Task prompt:
An exact transcription of all the data is required, with every image removed.
(Data begins)
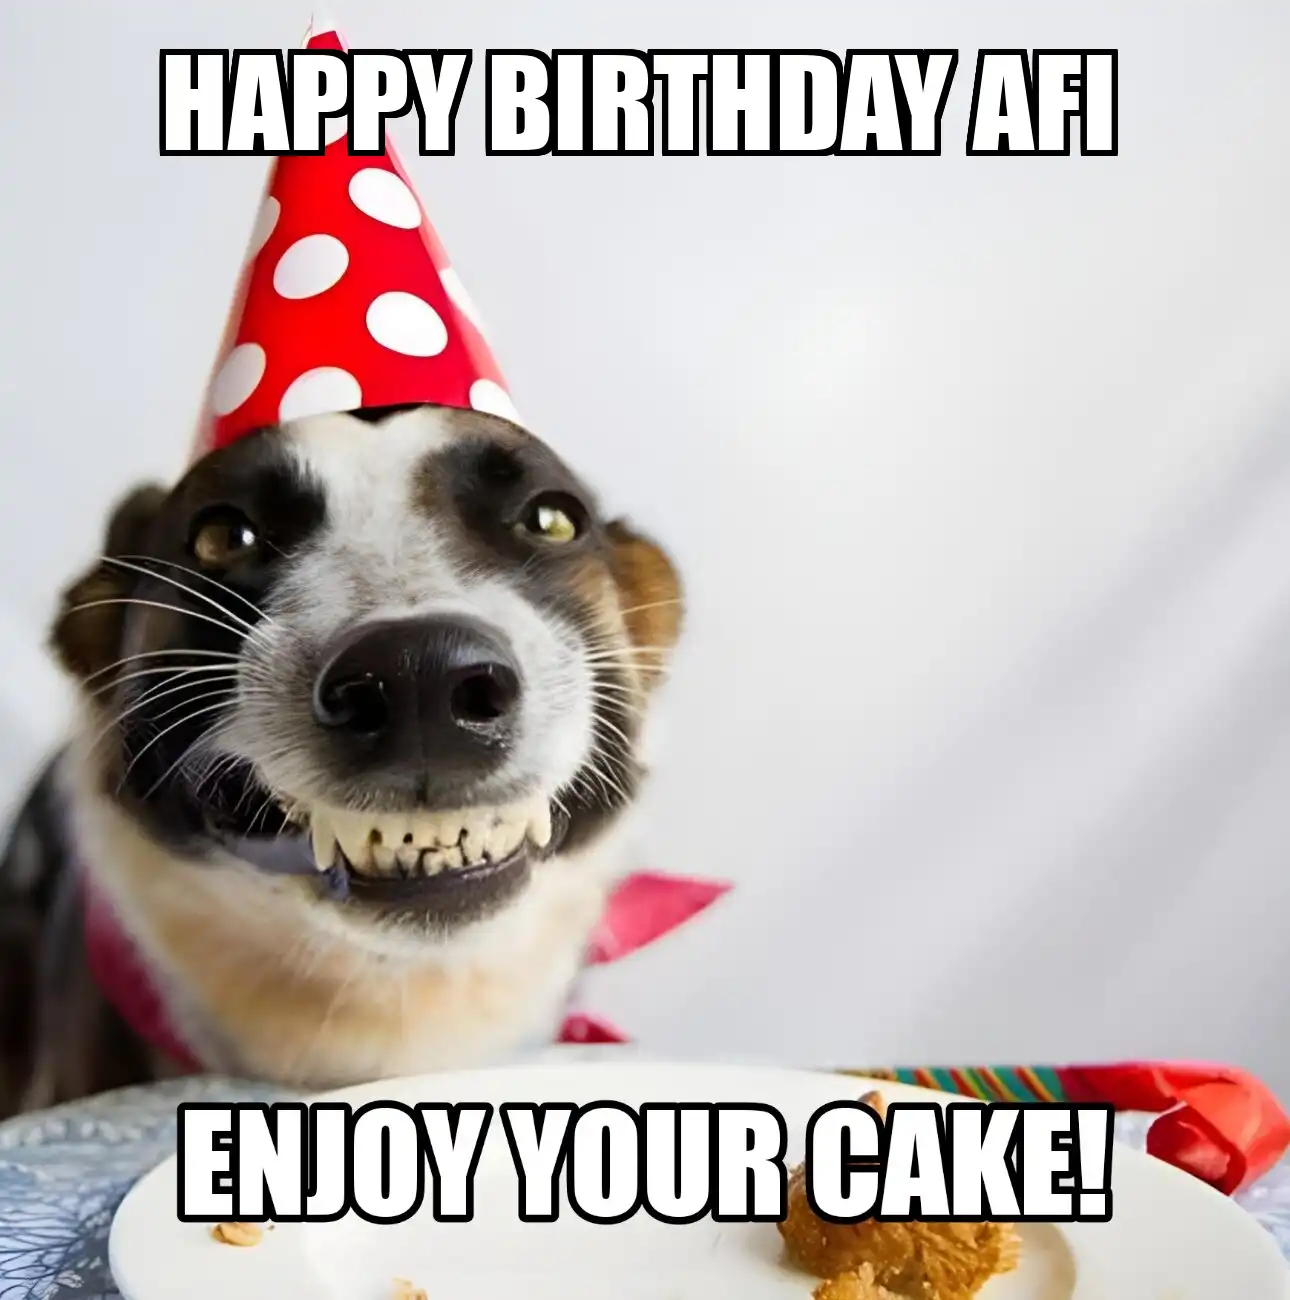 Happy Birthday Afi Enjoy Your Cake Dog Meme
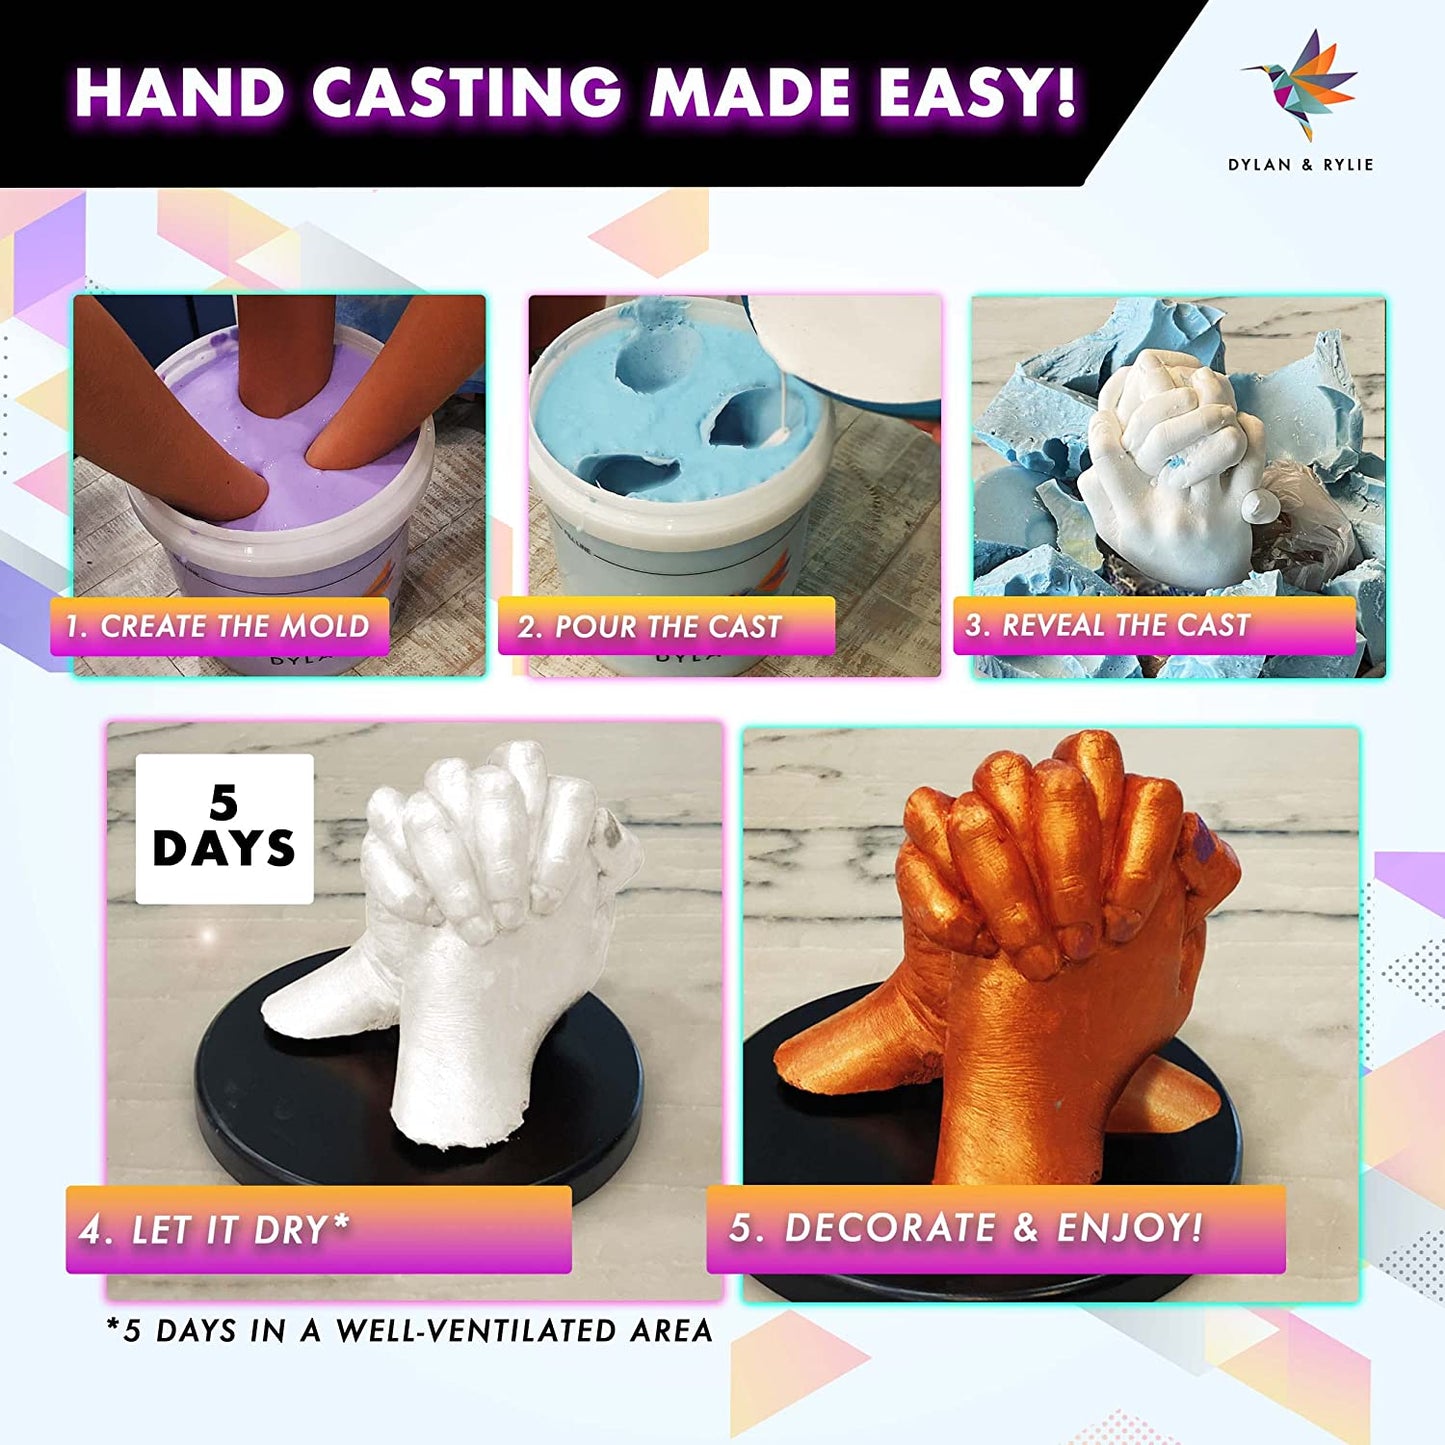 Fake 'N Bake Blog: Hand Casting Part 1
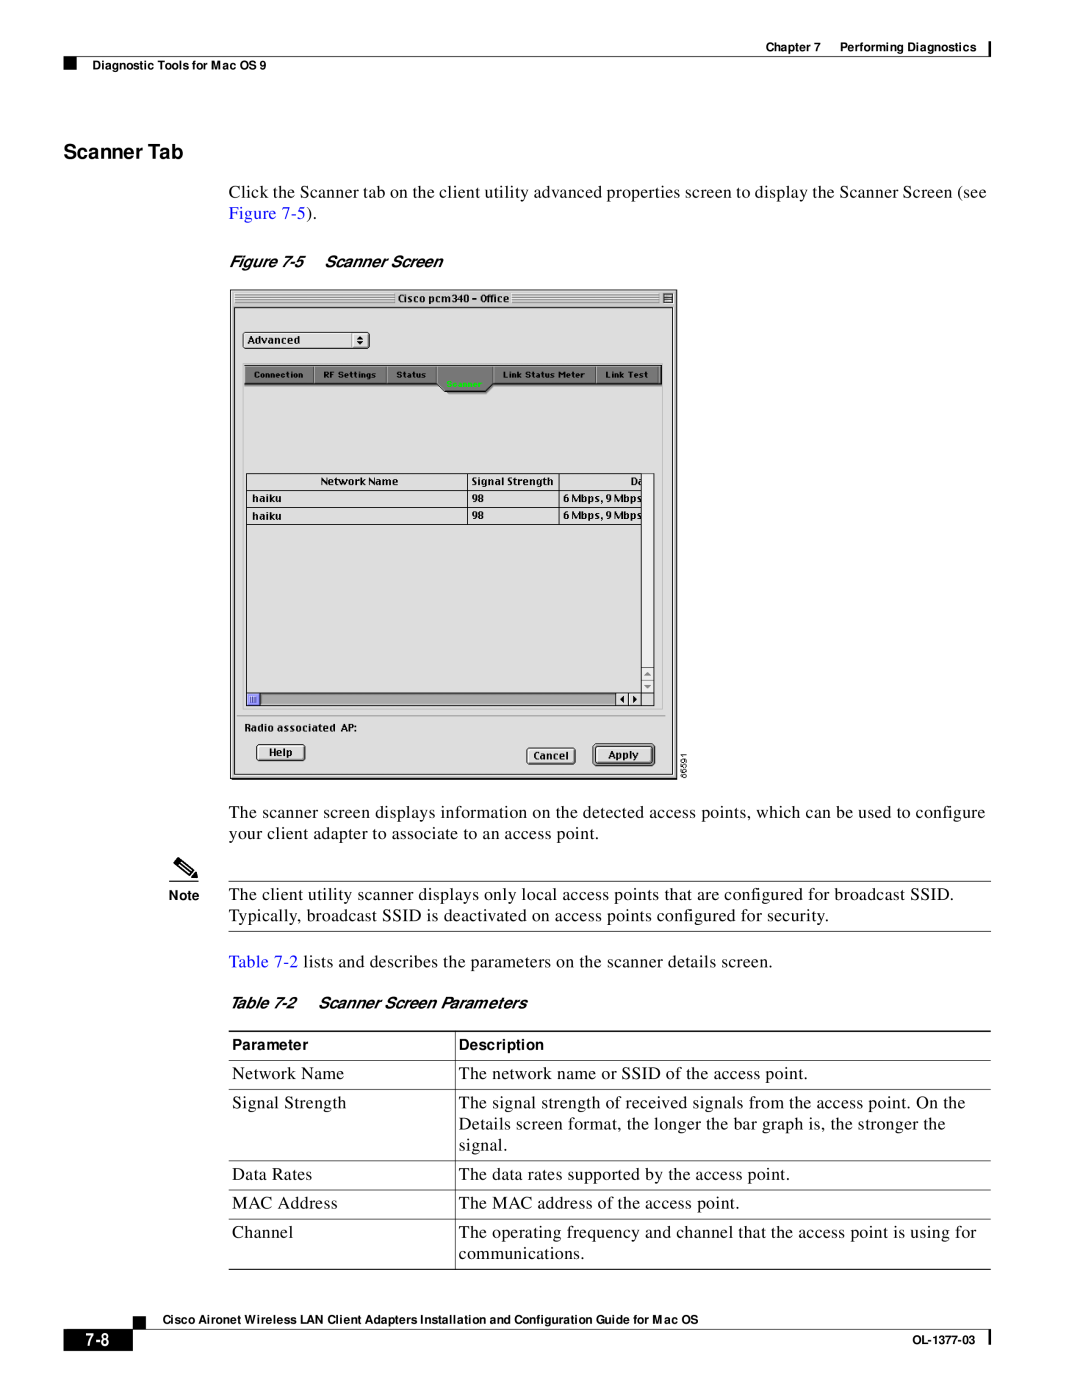 Cisco Systems OL-1377-03 manual Scanner Tab, Description, 5 Scanner Screen, 2 Scanner Screen Parameters
(Data ends)
Final answer:
 Happy Birthday Afi Enjoy Your Cake Dog Meme
 Fake 'N Bake Blog: Hand Casting Part 1
 Cisco Systems OL-1377-03 manual Scanner Tab, Description, 5 Scanner Screen, 2 Scanner Screen Parameters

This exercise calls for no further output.